White light flashes. Memories flicker. Then everything stops as I’m jostled, then dropped to the ground. Propping myself up on my elbows, I blink up at the red, fleshy creature looming above me. Its hands are wrapped around the end of a tree branch that Jack must have impaled through its midsection.

Cooper’s window opens. He pries his face against the screen. “What the—”

The creature stumbles back a few feet. Then, like a magician pulling handkerchiefs from his sleeve, the creature yanks the bough clear through its midsection, leaves and all. When the limb is free, the wound spews a sludgy, black substance, spattering everything within a six-foot radius, including me. It stinks like raw sewage. I shriek as the fetid glop gushes on my legs, stinging my skin, and soiling my clothes.

Slapping its three-fingered hands over its gaping wound, the creature looks up at Cooper. “This isn’t over. Your soul may be safe, but your body has always been marked as mine. I won’t relinquish my destiny, and you won’t escape yours.”

The creature vaults over me, clutching its abdomen as it dodges around Jack, then dashes into the woods and fades into the night.

“Emma! Jack!” Cooper yells, then disappears from his window.

I slump to the ground and cough as I heave for air through my crushed throat. Every breath draws in the awful stench that covers my skin and clothes, but I’ve got bigger problems, starting with the disturbing images that haunt my mind’s eye. I tell myself those screwed-up pictures aren’t real, that my real memories represent blissful times. But even though I know that to be the truth, fear and anxiety linger in my chest anyway. Maybe if I keep reassuring myself, eventually, I’ll believe it. But my still-pounding headache isn’t making things any easier. Staring up at the moonlit sky, I attempt to will away the pain.

Jack races for me, diving next to my prone body. “Are you okay?” His searching eyes are filled with shock.

“Ugh.” I’m so far past okay, I can barely form words in my mind much less speak them.

He plugs his nose. “Dang. No offense, but you stink.”

I nod my head, which only makes it hurt worse. “I know.” My voice is rough and raspy as I lift a hand to put pressure on the ache. “How did you know to save me?”

He shrugs. “Twin sense, I guess. I felt you were in trouble, so I went to find you. When you weren’t in your room, I figured you must have come out here. Which was beyond moronic by the way, even when a demonic monster isn’t trying to kill you.”

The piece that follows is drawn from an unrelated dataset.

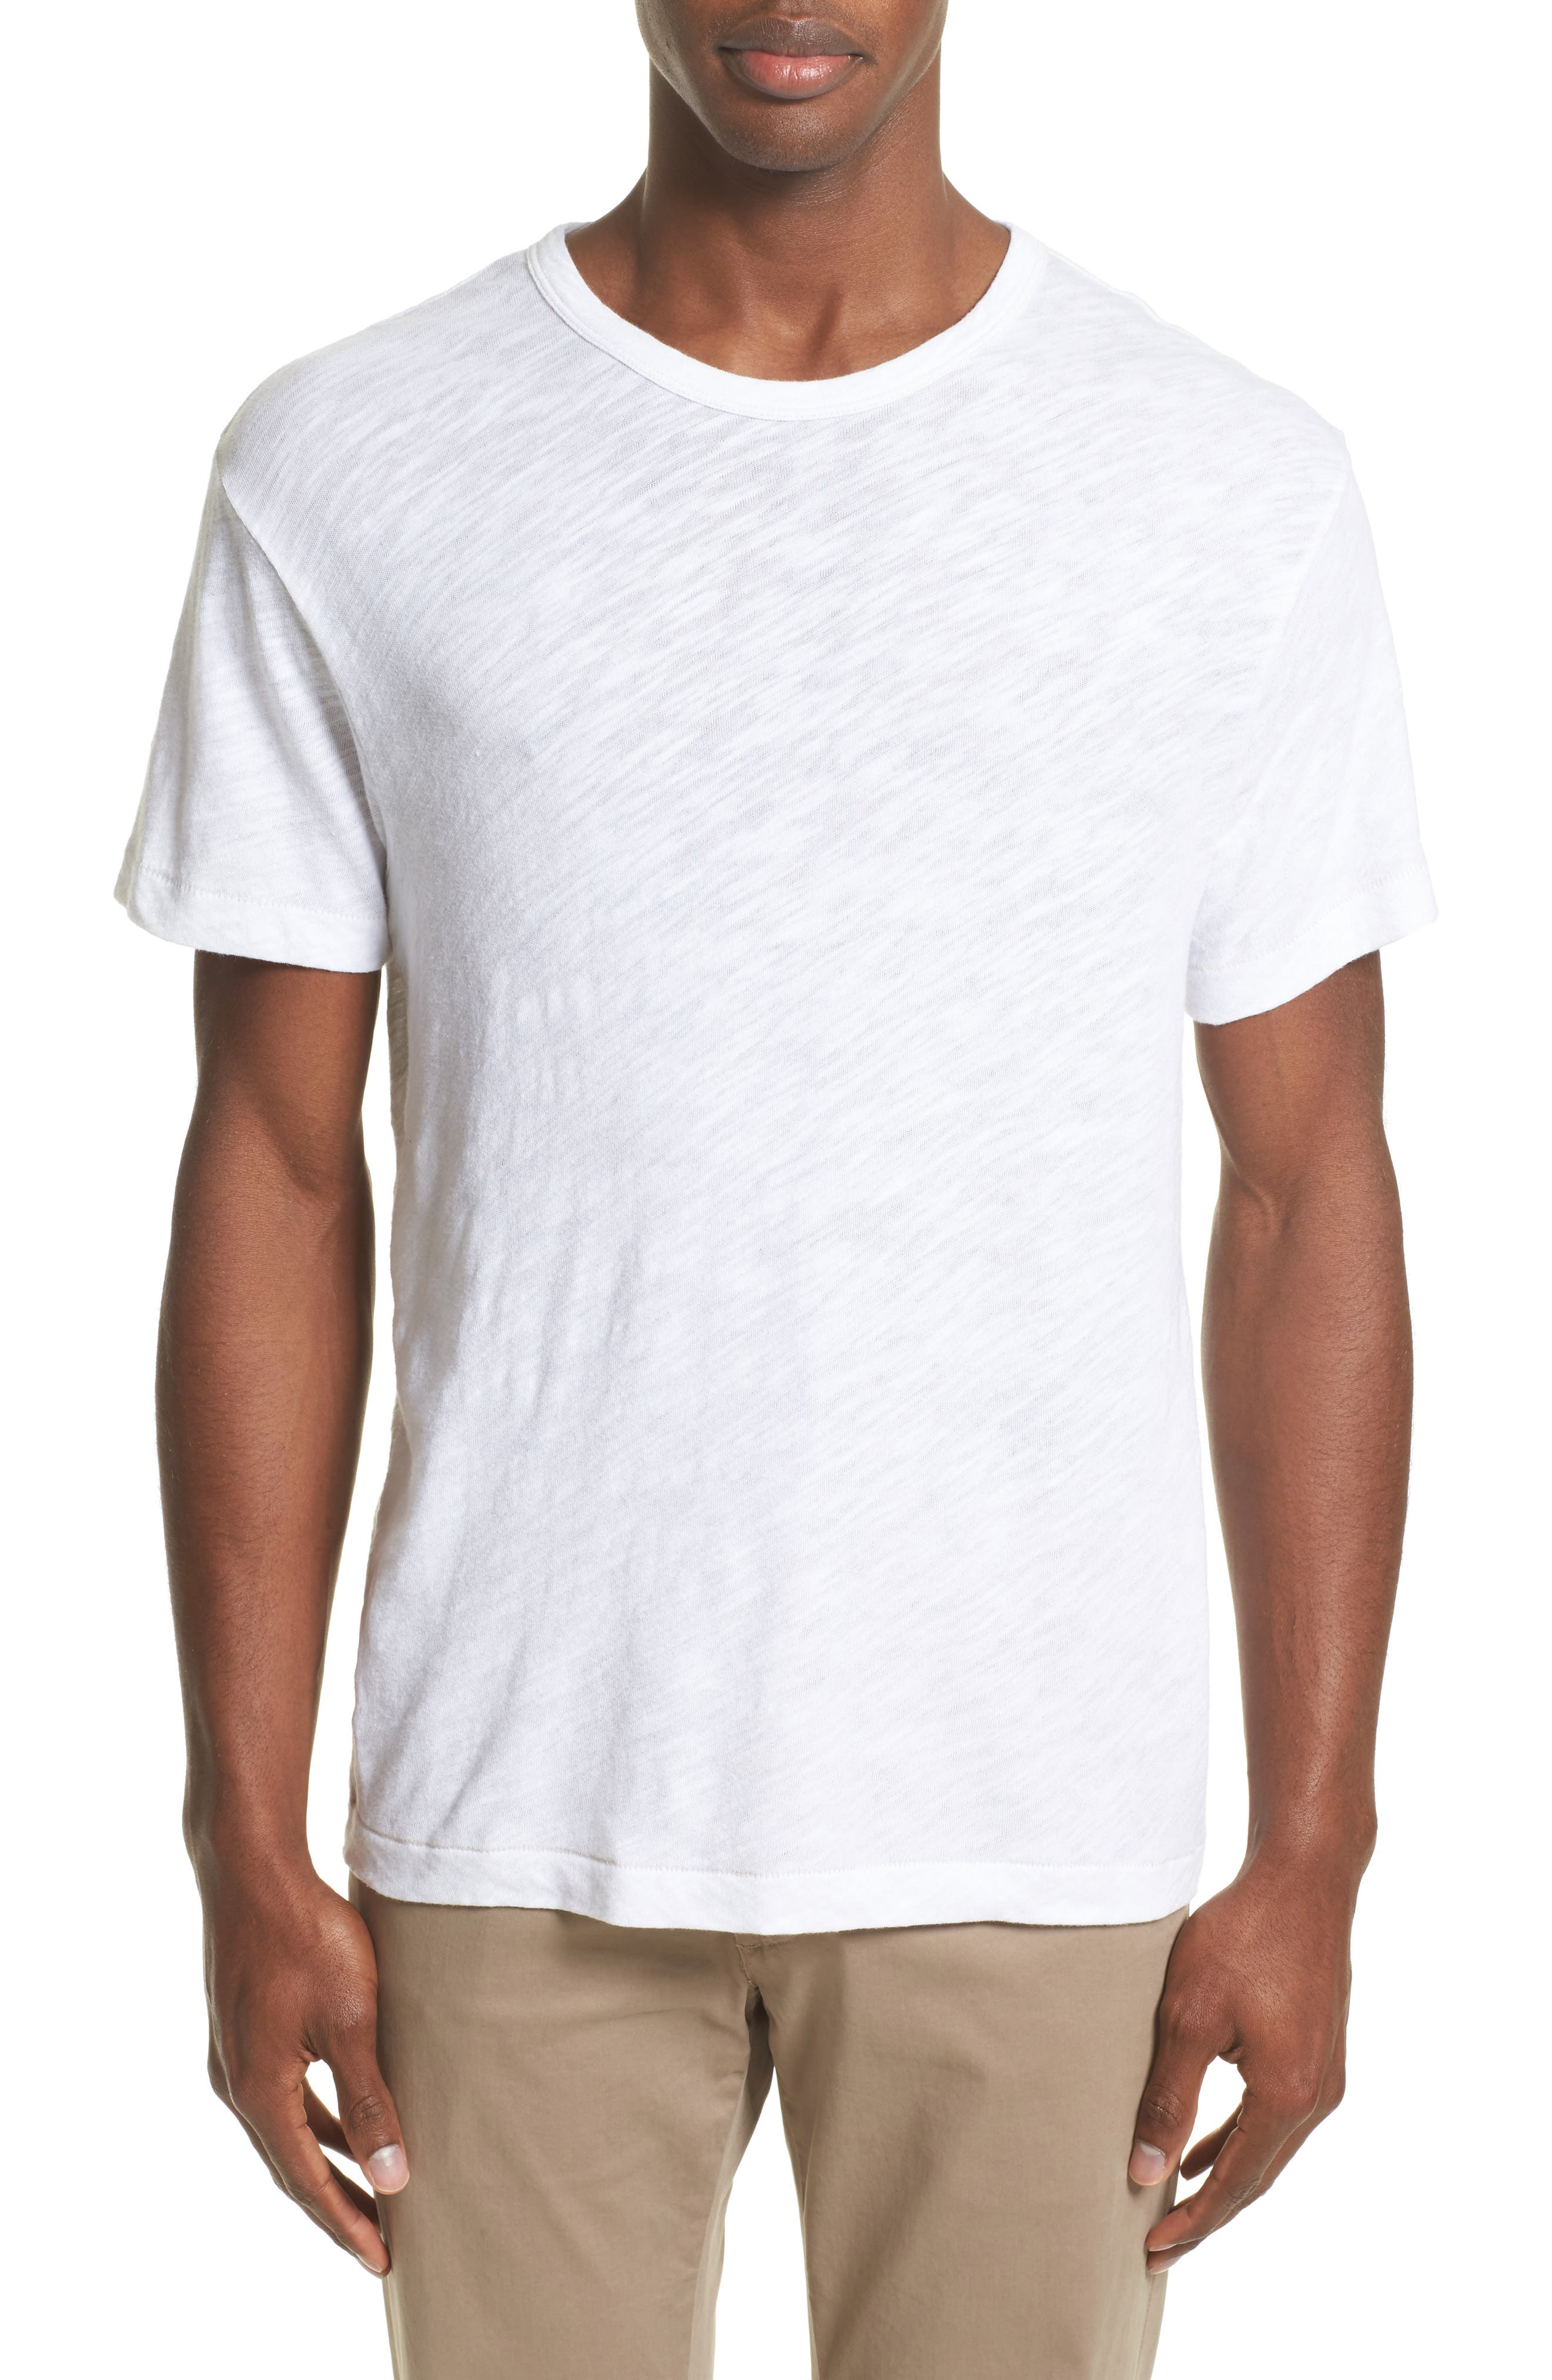 Alternate Image 1 Selected - Todd Snyder + Champion Crewneck T-Shirt

Cooper flies around the corner from the back of the Big House. Crouching opposite Jack, he grabs my hand and gazes down at me with his white-gray eyes. “What happened? And what was that…thing?”

I clear my throat. “I’m pretty sure it was a boo hag.” I had my suspicions when the creature talked about how tasty people are, but they were confirmed when it claimed Cooper’s body. And perhaps most frightening of all, the boo hag is somehow connected to the Beaumont Curse. All that creature’s talk about destiny and being marked can only mean one thing: even though we broke the jinx and secured Cooper’s soul, Cooper’s still in danger.

Cooper gulps. “What does it want?”

Jack turns to him, his brow hitched. “Evidentially, you. Or at least your skin.”

My legs move past stinging into full-on burn territory. I suck in a gasp.

“What’s wrong?” Cooper asks.

“My legs. They hurt.”

Jack gawks. “They’re bright red. We’ve got to get you inside and wash this off, now.”

I try to sit up, but my head reels, and I sink back down. “I can’t.”

“No problem.” Cooper stands and then scoops me in his arms in one fluid motion.

A shock jolts my skin where his flesh touches mine, just like it did at the cemetery. Which only confirms my reasons for coming here tonight. Something’s definitely up, but between the headache and new twinging sensation, it’s impossible to think.